Correct Answer: $\frac{\sqrt{7}}{3}$

Solution : Given: $\sin \theta+\cos \theta=\frac{\sqrt{11}}{3}$    (equation 1)
Squaring both sides of the equation 1, we get,
$(\sin \theta+\cos \theta)^2=(\frac{\sqrt{11}}{3})^2$
⇒ $\sin^2 \theta+\cos^2 \theta+2\sin \theta \cos \theta=\frac{11}{9}$
⇒ $1+2\sin \theta \cos \theta=\frac{11}{9}$
⇒ $2\sin \theta \cos \theta=\frac{11}{9}-1$
⇒ $2\sin \theta \cos \theta=\frac{2}{9}$     (equation 2)

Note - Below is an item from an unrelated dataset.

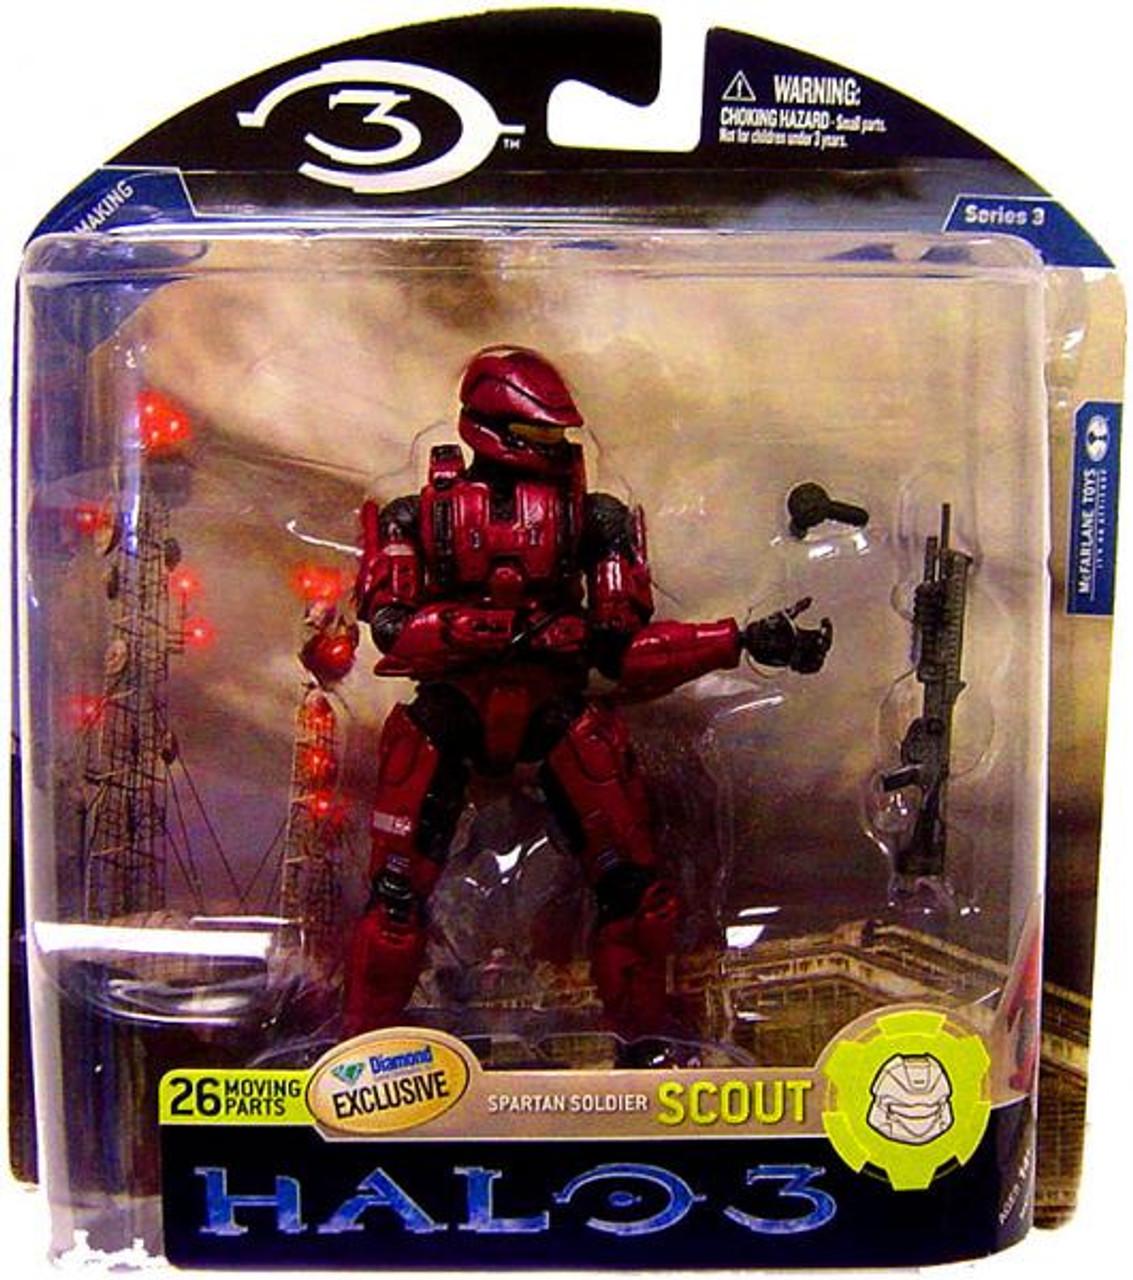 McFarlane Toys Halo 3 Series 3 Spartan Soldier Scout Exclusive Action Figure [Crimson]
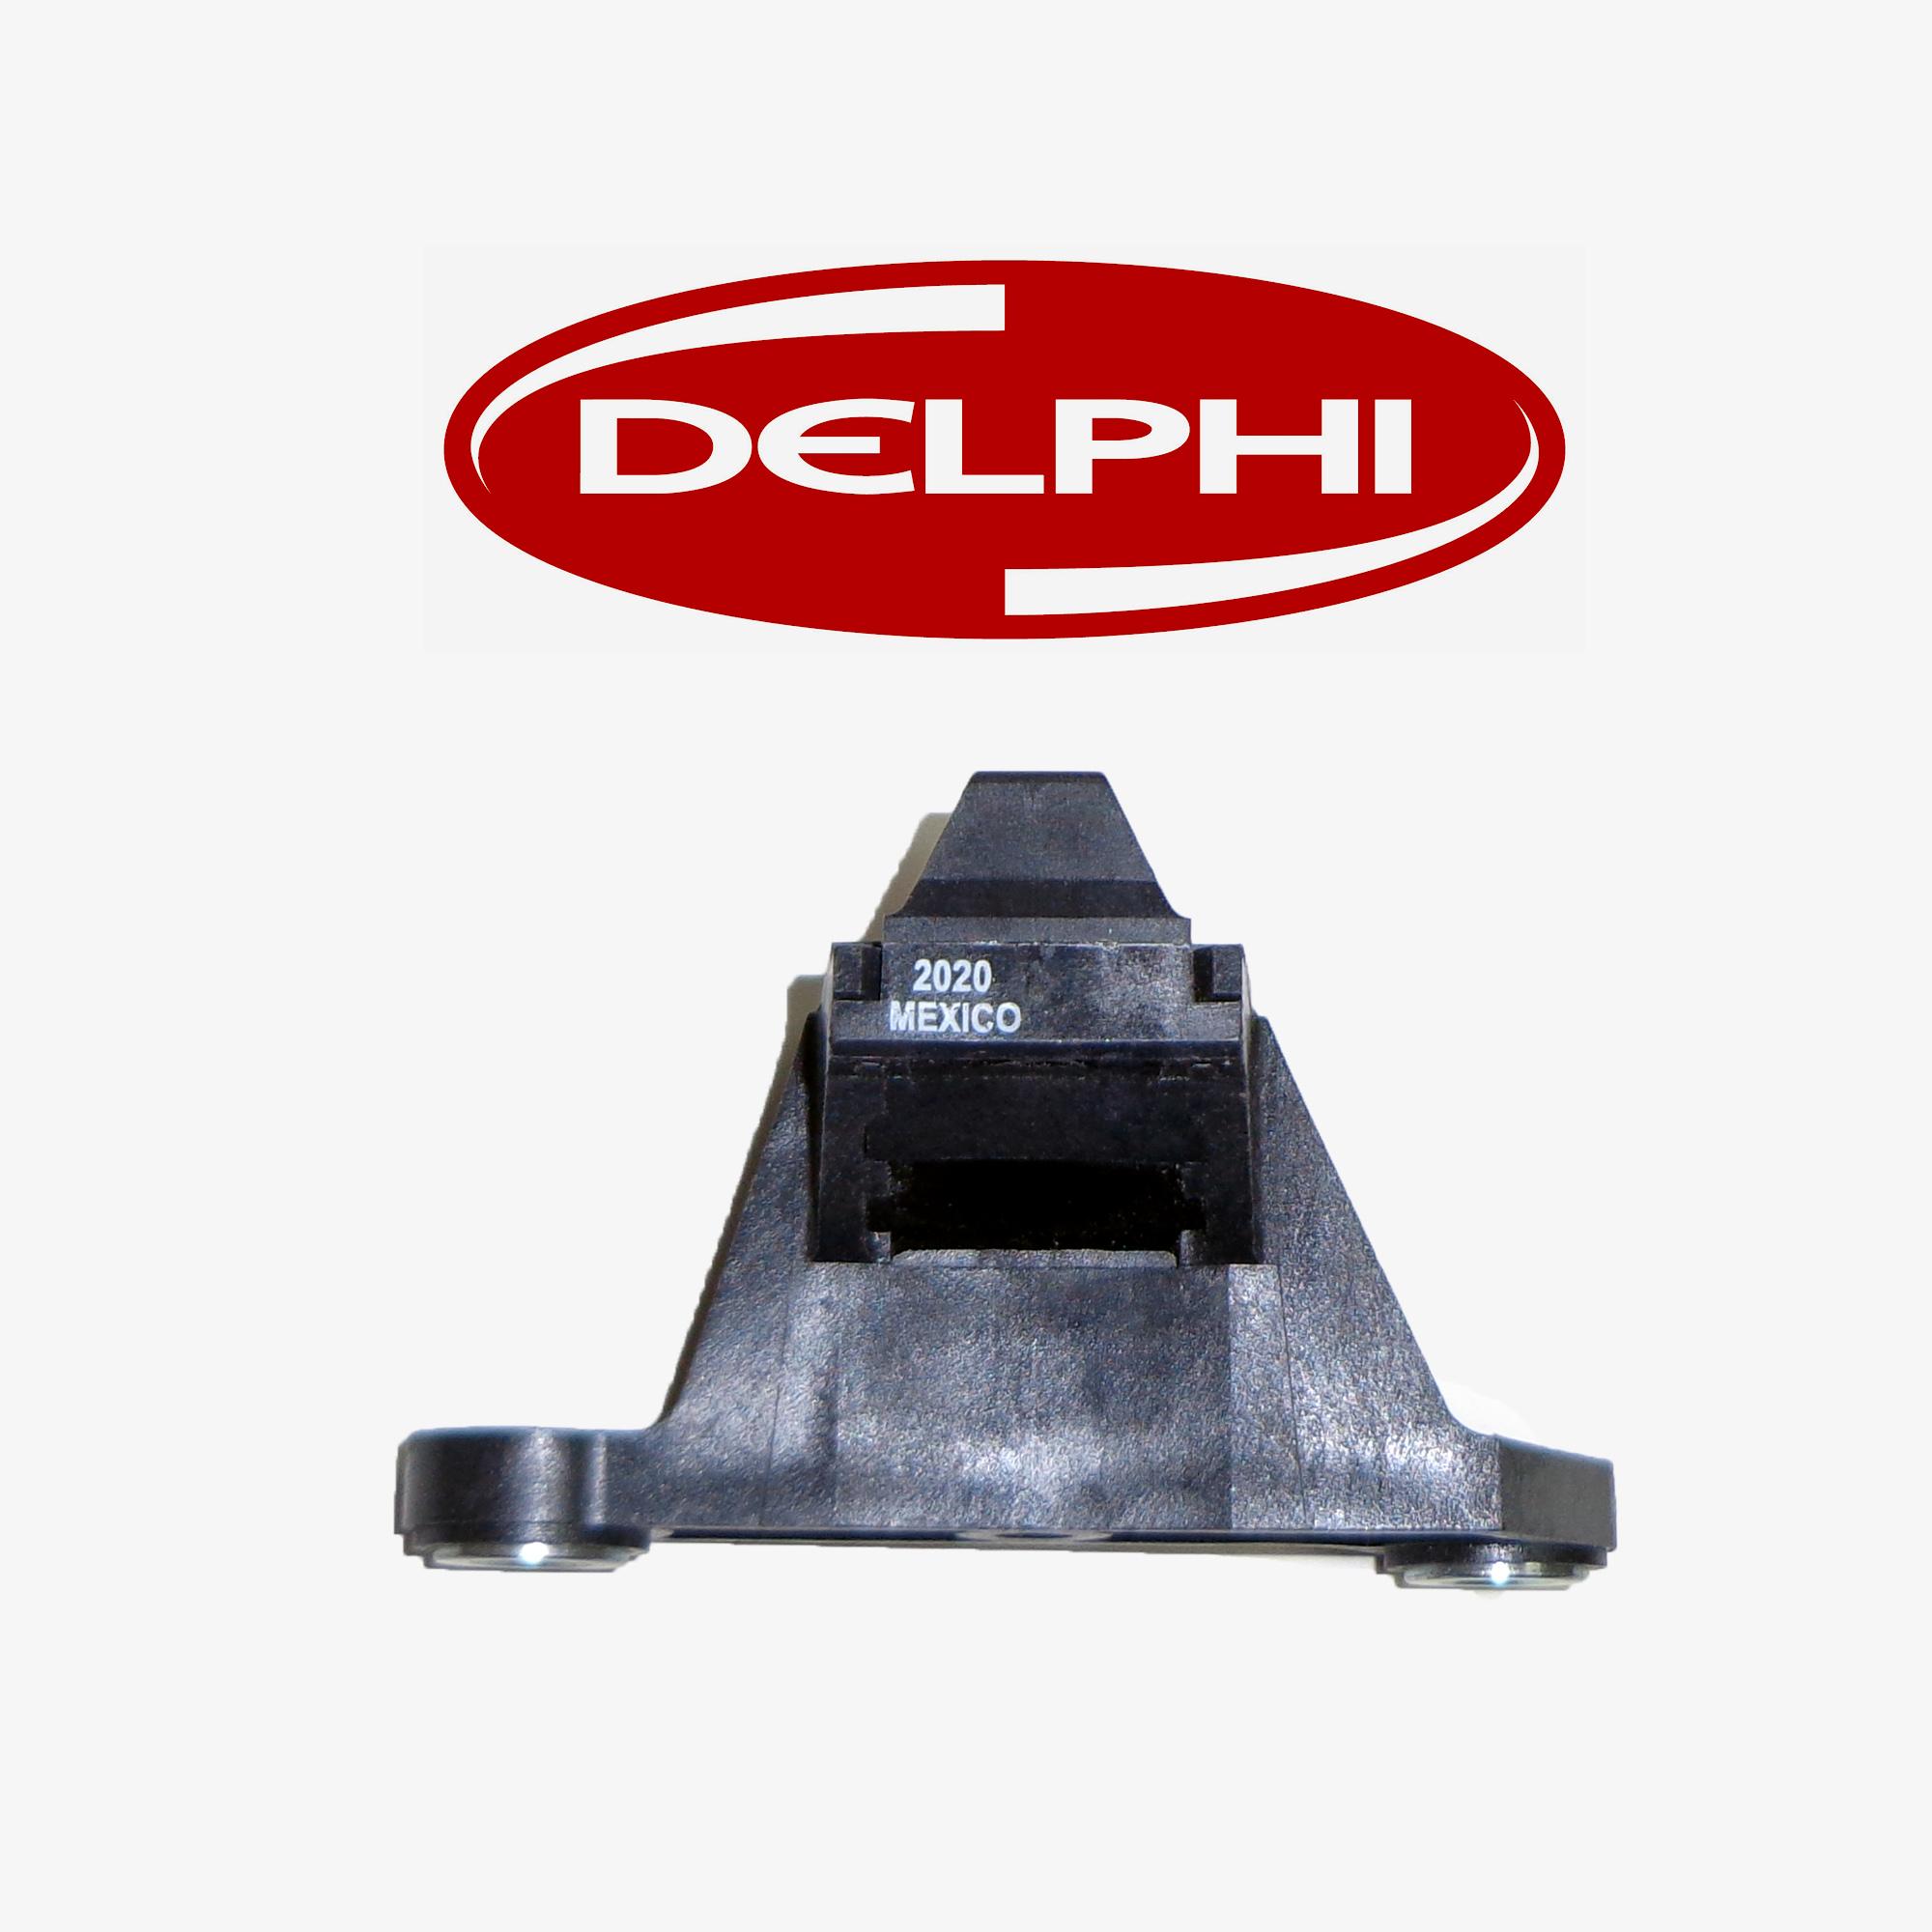 hight resolution of delphi crankshaft position sensor ss10213 for buick chev olds pontiac 93 09 4 4 of 4 see more

Substitute the value from the equation 2,
$(\sin \theta-\cos \theta)^2=\sin^2 \theta+\cos^2 \theta–2\sin \theta \cos \theta$
⇒ $(\sin \theta-\cos \theta)^2=1–\frac{2}{9}$
⇒ $(\sin \theta-\cos \theta)^2=\frac{7}{9}$
⇒ $(\sin \theta-\cos \theta)=\sqrt{\frac{7}{9}}$
$\therefore (\sin \theta–\cos \theta)=\frac{\sqrt7}{3}$
Hence, the correct answer is $\frac{\sqrt7}{3}$.